Now, if you are going to follow my lead and hire an expert, be sure that you have the necessary funds not only to compensate them for their services, but also to pay for costs associated with publication and marketing your book. So if you want to self publish, make sure you have the funds to support it. To give you an idea of the different types of expertise it takes to self publish I will list some of the different types of services eFrog Press coordinated for my project:

  1. Developmental editing
  2. Copy editing
  3. Proof reading
  4. Cover design
  5. Interior book design
  6. Permissions editing (to make sure you are not violating anyone’s copyright)
  7. E-book publishing
  8. Library of Congress listing

All of these experts charge a fee and the more words in your book, the costlier it will be.
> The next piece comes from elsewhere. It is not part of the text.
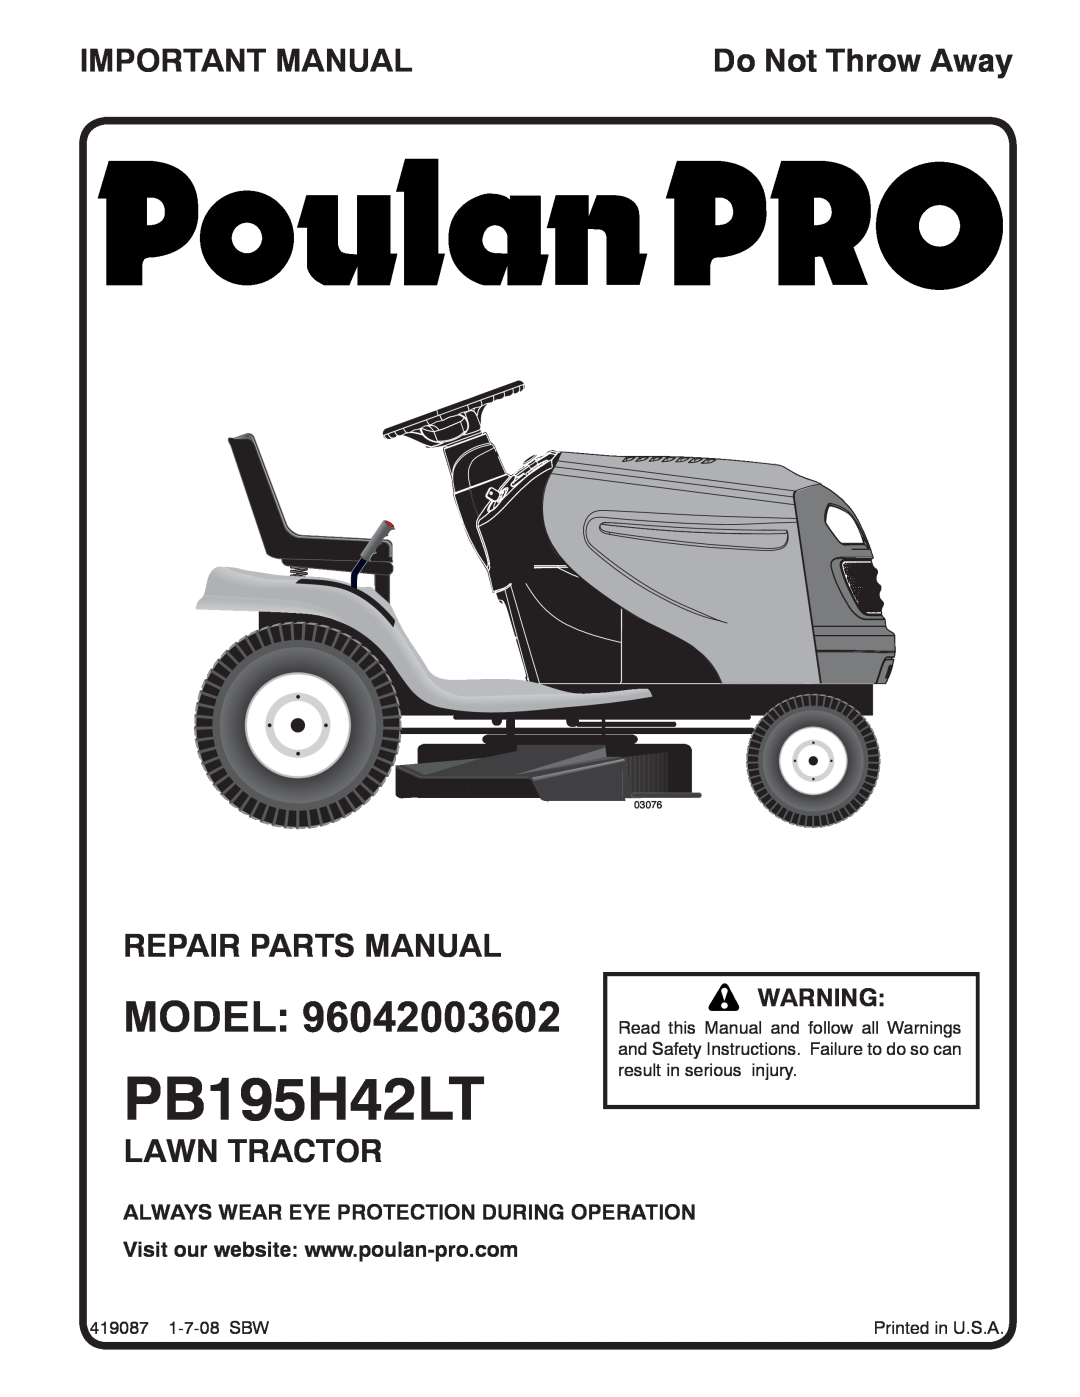 Poulan 96042003602 manual Important Manual, Repair Parts Manual, Lawn Tractor, PB195H42LT, Model, Do Not Throw Away, 03076

Take home lesson 4: Don’t just write a book because everyone’s doing it. Only start on a publishing journey if you know there will be a need and if you have the funds to support it.

I must confess that the journey to completing this book required a lot of grit and the genuine belief that I was adding real value to the discussion around effectively communicating global warming solutions.  If you believe your writing can do the same, then don’t hesitate to start writing.